If a client route is requested from the server side, it redirects them back to the starting point of the client route. (aka /users/1 now redirects to /users/ instead of 404’ing). Preferably we’d rewrite the url completely, but this is not possible with S3 and gatsby-plugin-netlify does exactly the same.
Unlike Amplify, it can be ran from your own infrastructure (or an EC2 instance — in which case it won’t need any configuration because it uses the AWS SDK which can automatically resolve the needed credentials!)
You can now set additional metadata on objects, meaning you can (for example) specify a custom content type for your objects.
You can get it here: gatsbyjs.org/packages/gatsby-plugin-s3
The result
We launched a beautiful, fast website that was cheap to host and didn’t even flinch whilst serving a million requests during our peak day. Outside of the festival period, costs were minimal.
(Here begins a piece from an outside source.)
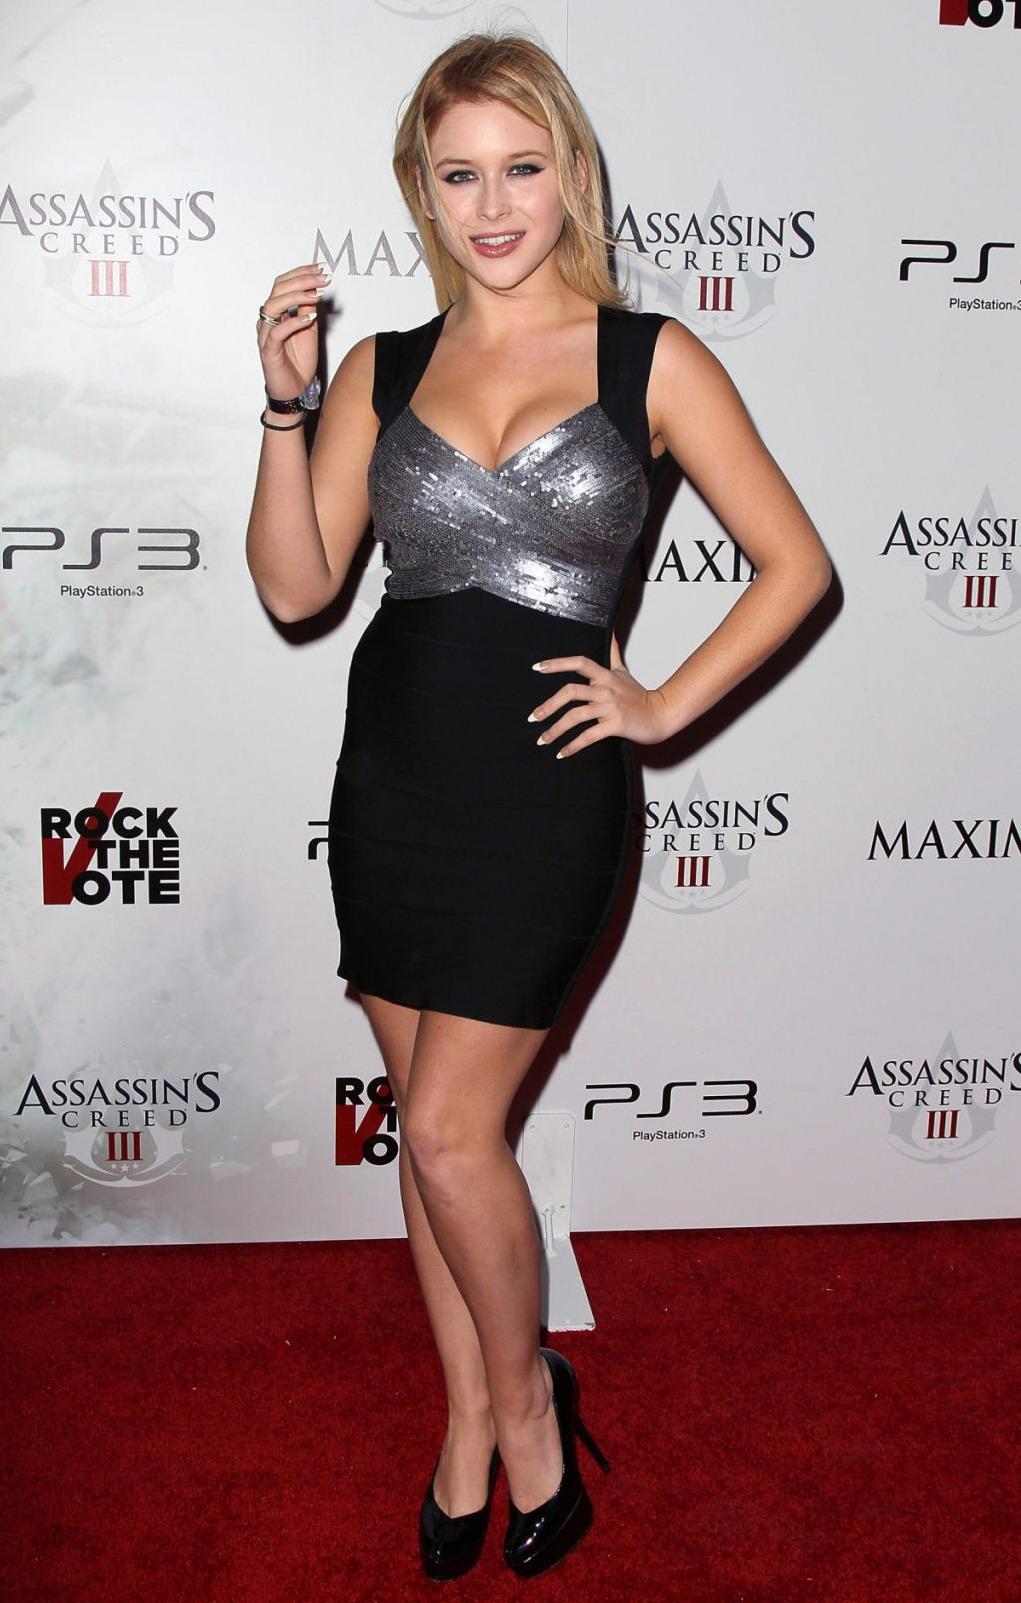 Renee Olstead Maxim Rock The Vote Party In LA GotCeleb

We completely proved that this stack is great for this type of project.
Building the plugin allowed us to scale it as far as we needed it without a hitch, with the need for redirects and custom headers showing up fairly quickly as the project went on.
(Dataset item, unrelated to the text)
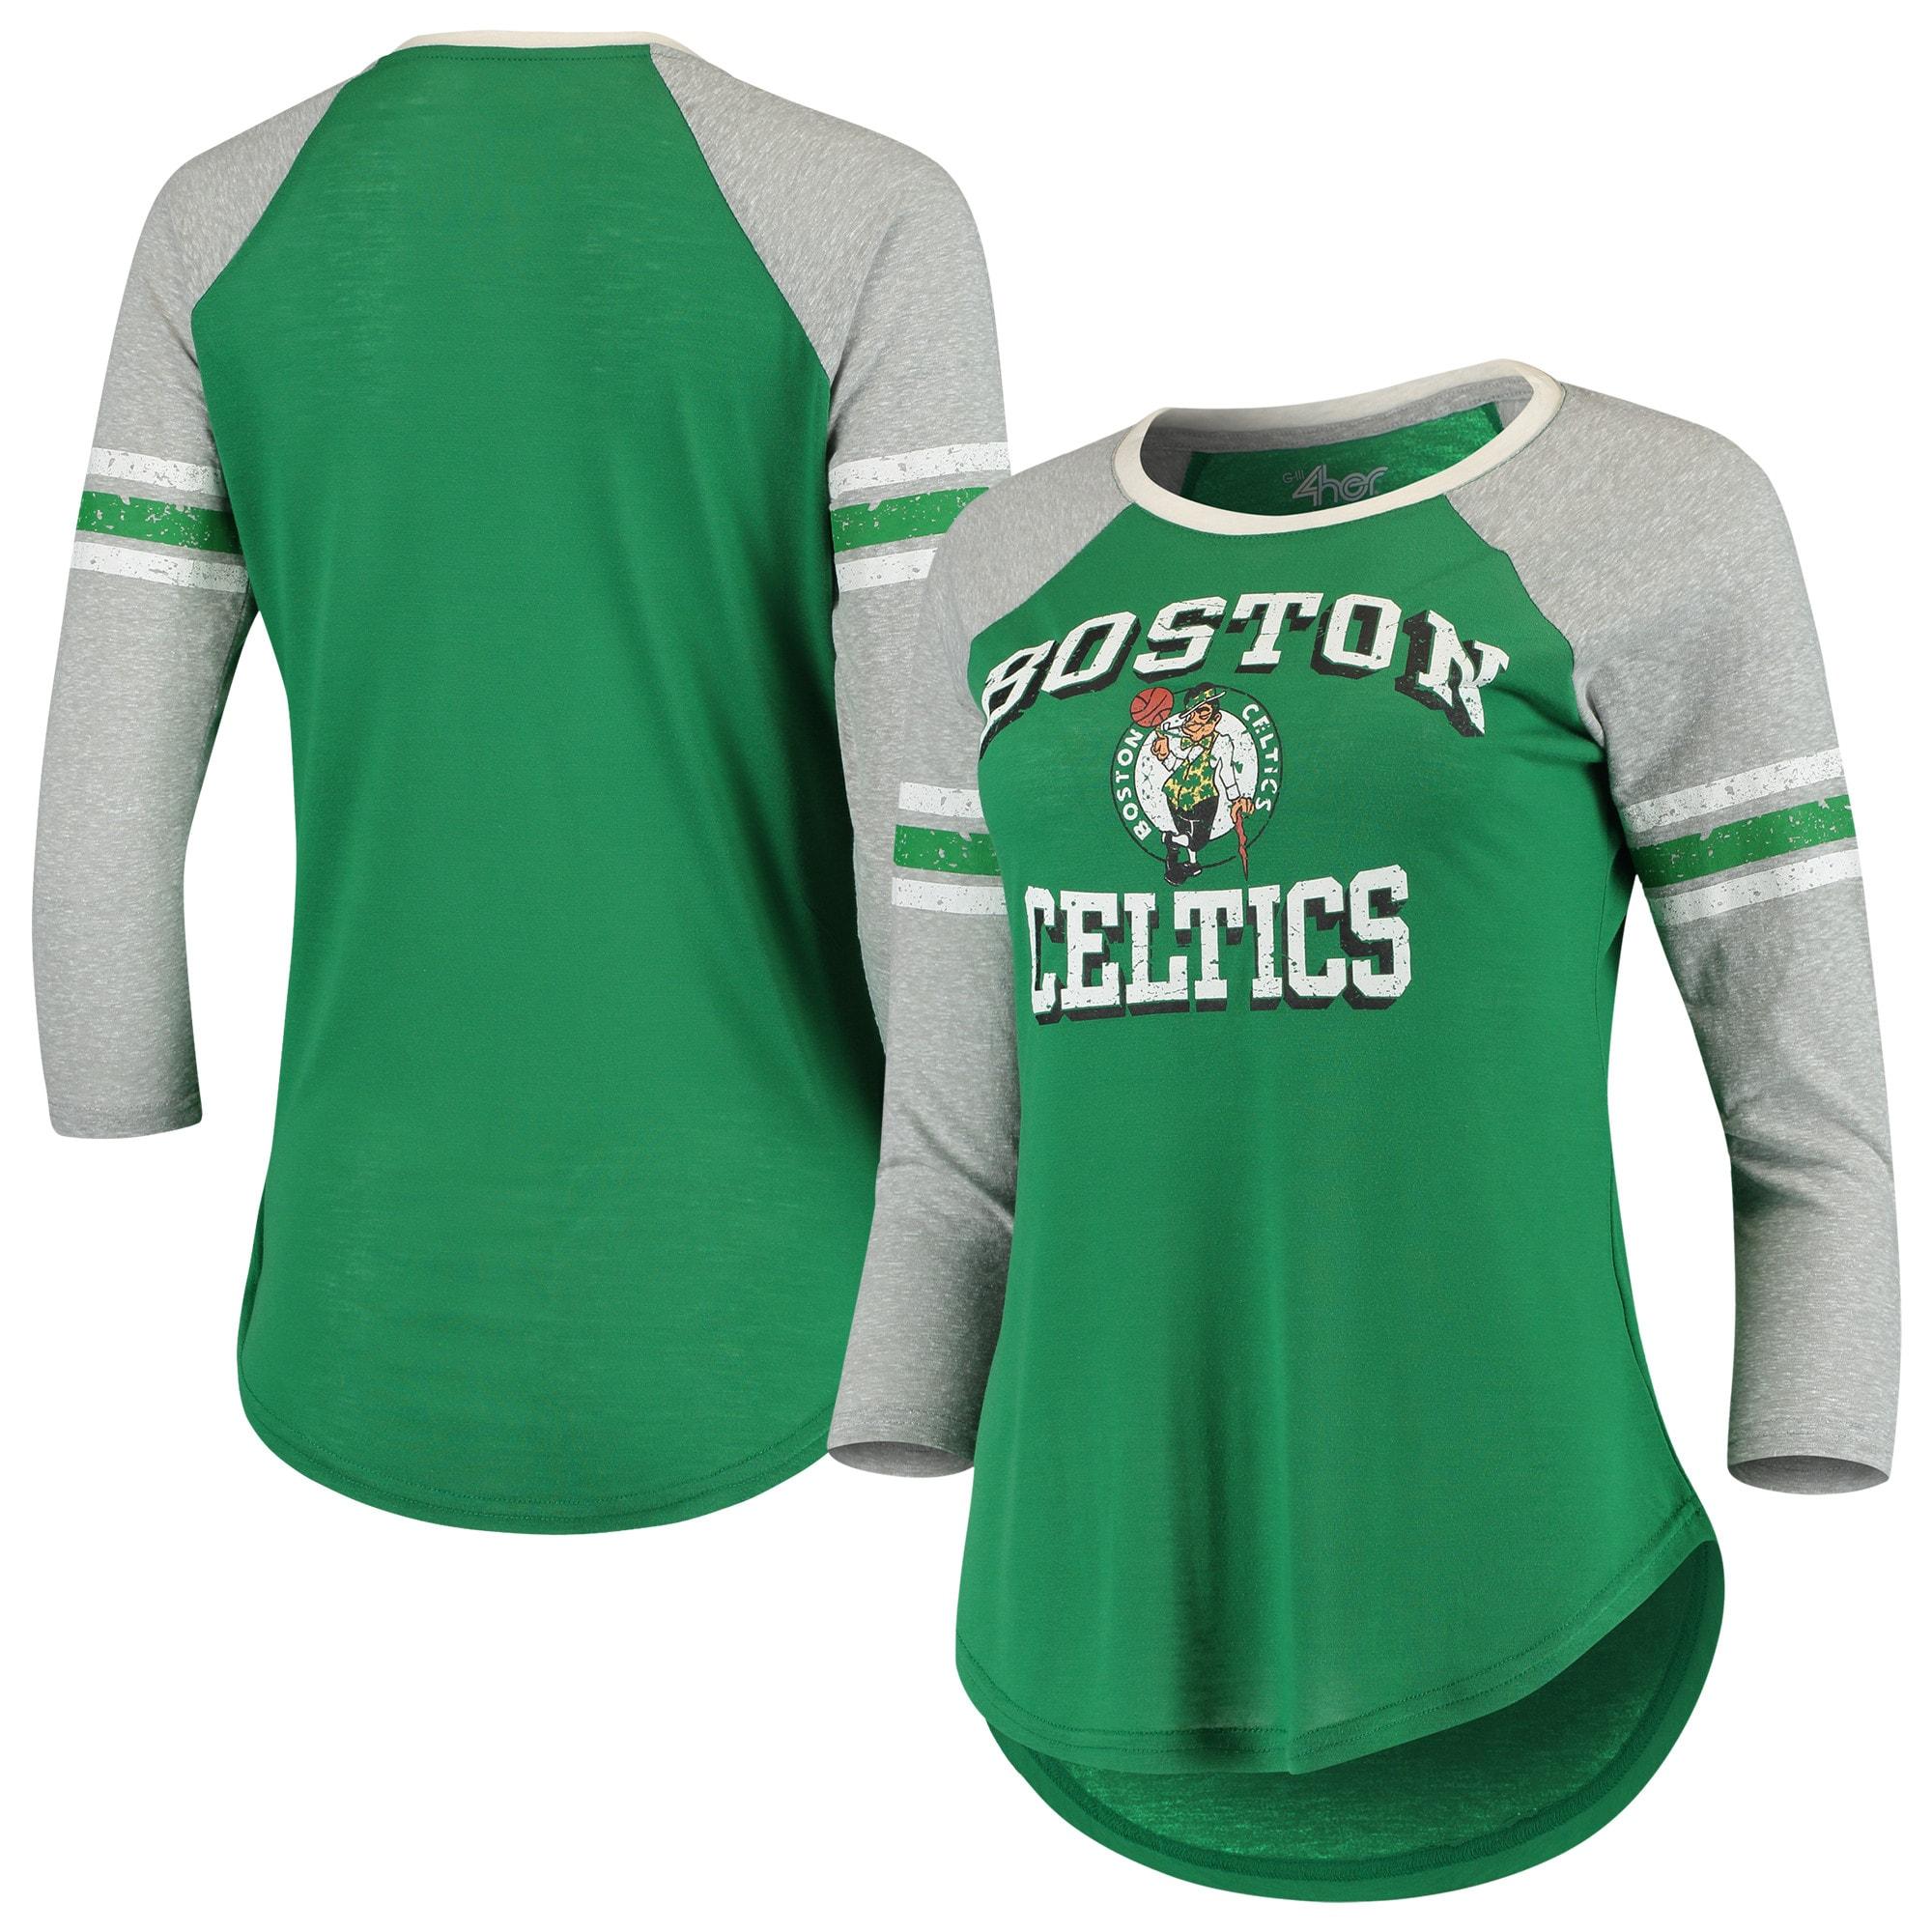 Boston Celtics G-III 4Her by Carl Banks Women's The Court Tri-Blend Raglan 3/4-Sleeve T-Shirt - Kelly Green/Heathered Gray

The plugin is now the de facto way of using Gatsby in combination with S3, and the OSS community has mostly picked it up since it’s humble beginnings, adding a lot of stability and cool new ideas:
Supporting prefixed deploys. (adding the possibility to have atomic deployments)
Being able to swap out AWS for a different S3-compliant endpoint such as Yandex or DigitalOcean.
Supporting both S3 redirect objects and routing rules. (due to a 50 redirects limit in the latter)
Being able to upload really large files. (which to my surprise, was a pretty hard issue to tackle)
It’s still a few features away from 1.0, but it’s really cool to have seen what started out as a byproduct of a solution to a real world problem, turn into something that is greatly used and appreciated by the Gatsby community.